=== Begin Enclosure ===

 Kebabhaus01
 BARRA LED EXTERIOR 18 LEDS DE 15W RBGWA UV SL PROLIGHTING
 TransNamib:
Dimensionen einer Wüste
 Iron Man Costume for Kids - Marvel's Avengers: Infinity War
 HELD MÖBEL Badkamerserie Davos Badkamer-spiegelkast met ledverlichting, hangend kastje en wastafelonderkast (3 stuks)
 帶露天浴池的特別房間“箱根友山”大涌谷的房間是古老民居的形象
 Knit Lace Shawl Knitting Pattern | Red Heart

=== End Enclosure ===

Within the material above, output exactly the lines from the one with "BARRA LED EXTERIOR" through the one with "HELD MÖBEL Badkamerserie", end lines included, and nothing besides.

 BARRA LED EXTERIOR 18 LEDS DE 15W RBGWA UV SL PROLIGHTING
 TransNamib:
Dimensionen einer Wüste
 Iron Man Costume for Kids - Marvel's Avengers: Infinity War
 HELD MÖBEL Badkamerserie Davos Badkamer-spiegelkast met ledverlichting, hangend kastje en wastafelonderkast (3 stuks)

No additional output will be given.